Jurors heard sharply different closing arguments on Wednesday in a trial over whether or not Merck & Co's Fosamax drug treatment for osteoporosis caused a Florida woman's jaw damage.
The trial in New York is Merck's first out of some 1,280 plaintiff groups involving almost 900 cases over U.S. lawsuits by patients who claim Fosamax caused the condition known as osteonecrosis of the jaw, or ONJ.
"It is a theory ... it is a theory without scientific basis," Paul Strain, an attorney for Merck, told the eight jurors in Manhattan federal court before they started deliberating on Wednesday in the three-week-long trial.
Strain told the jury that "there must be scientific proof, not 'maybes' that Fosamax causes ONJ" before they could rule in favor of 71-year-old Shirley Boles from Walton Beach, Florida, who sued the drug maker for damages.
Her attorney, Timothy O'Brien, said in his closing argument to the jury that there was enough evidence at trial from doctors showing Fosamax damaged Boles, who looked frail as she sat in court between her lawyers.
O'Brien said Merck should have investigated reports of ONJ.
"This is an extremely rare event that could be a signal and triggers a duty to investigate," O'Brien said.
"It is a corporate failure, a failure of the system in which you accept the evidence that is good for you and ignore the evidence that is bad for you," O'Brien said.
Fosamax, approved in the United States in 1995, belongs to the bisphosphonate family of osteoporosis drugs that include Procter & Gamble's Actonel and Roche Holding AG's Boniva.

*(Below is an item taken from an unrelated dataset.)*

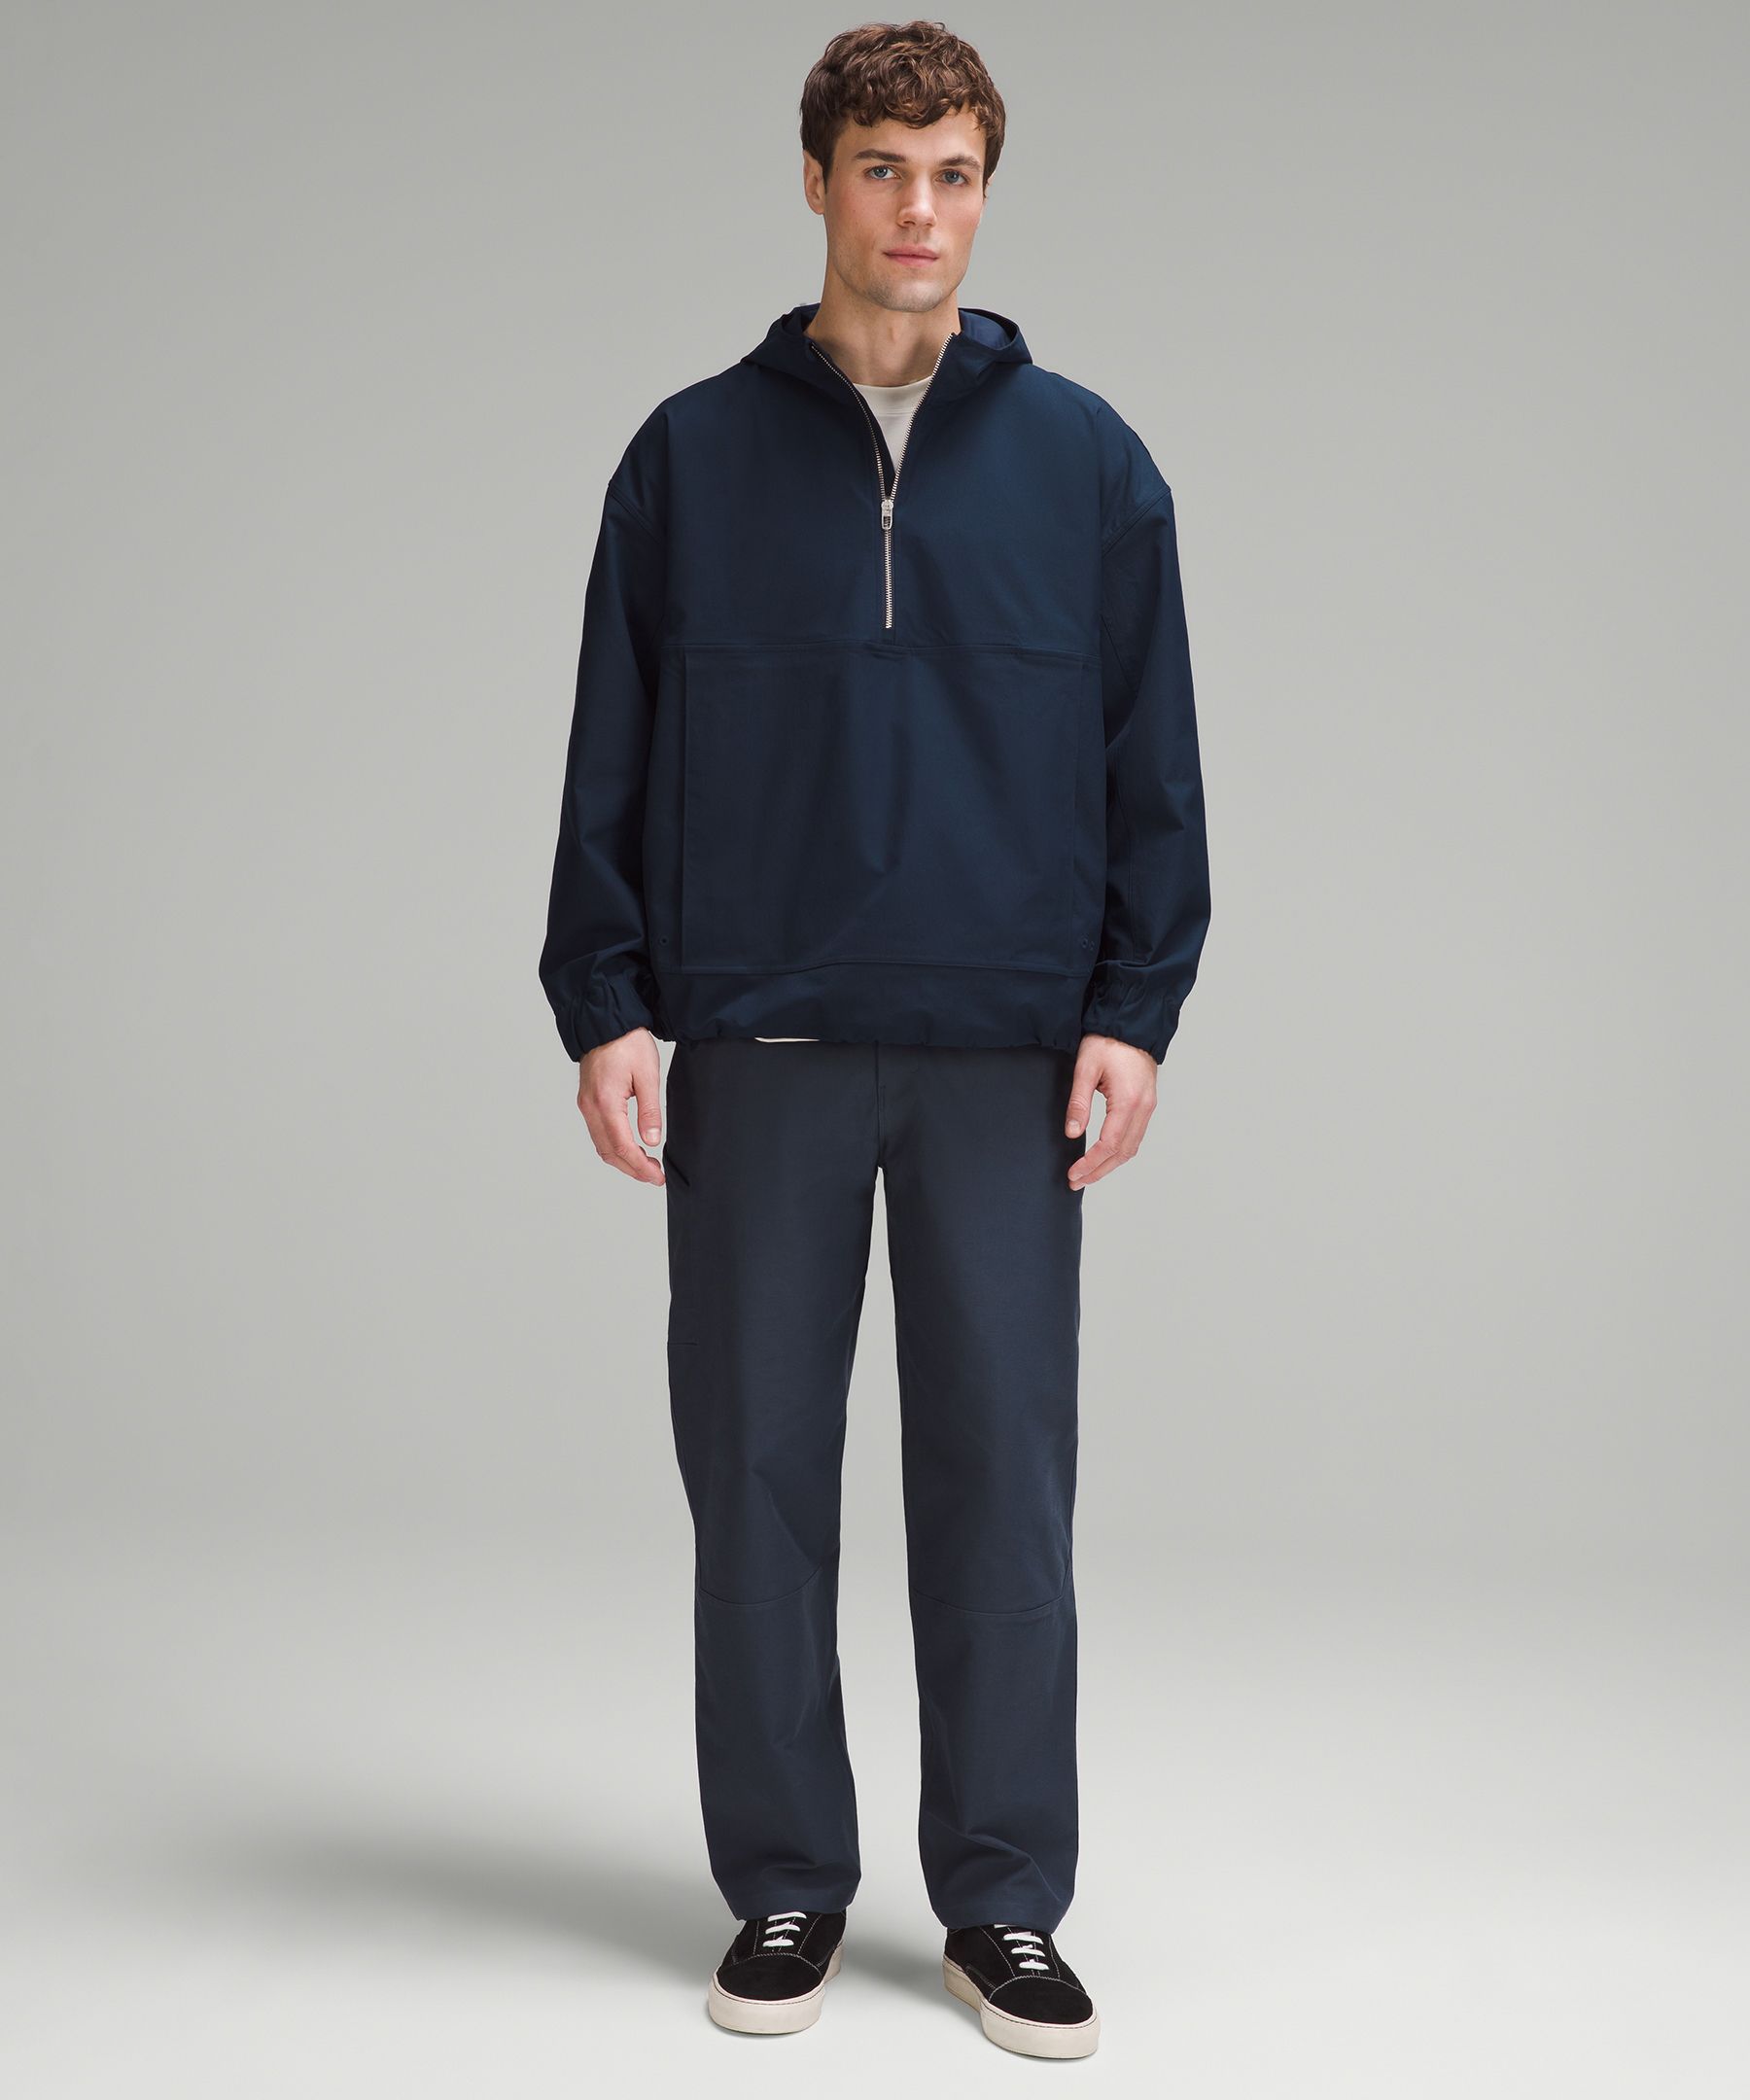 Smooth Twill Half-Zip Anorak | Men's Hoodies & Sweatshirts

Merck says the pills prevent bone fractures — particularly in post-menopausal women — by helping to increase bone mineral density.
In 2003, reports first surfaced linking intravenous bisphosphonate treatments with jaw osteonecrosis, meaning death of jawbone tissue that can include symptoms such as pain, swelling or infection of the gums and jaw, gums that don't heal, and loose teeth.
Intravenous bisphosphonates, which are not made by Merck, involve higher concentrations of medication that are typically used to treat patients with cancer that has spread to the bones.
Oral versions of the class of drugs were initially thought to be safe until a report came out in May 2005 showing that 7 of 63 bisphosphonate users who developed the condition had been using oral forms.
But an informal review in the Journal of the American Dental Association in early 2008 suggested that oral treatments instead reduced risk of inflammatory deterioration of the jaw in patients with osteoporosis. By contrast, the report suggested a 4-fold increase in such risk among patients taking intravenous bisphosphonates.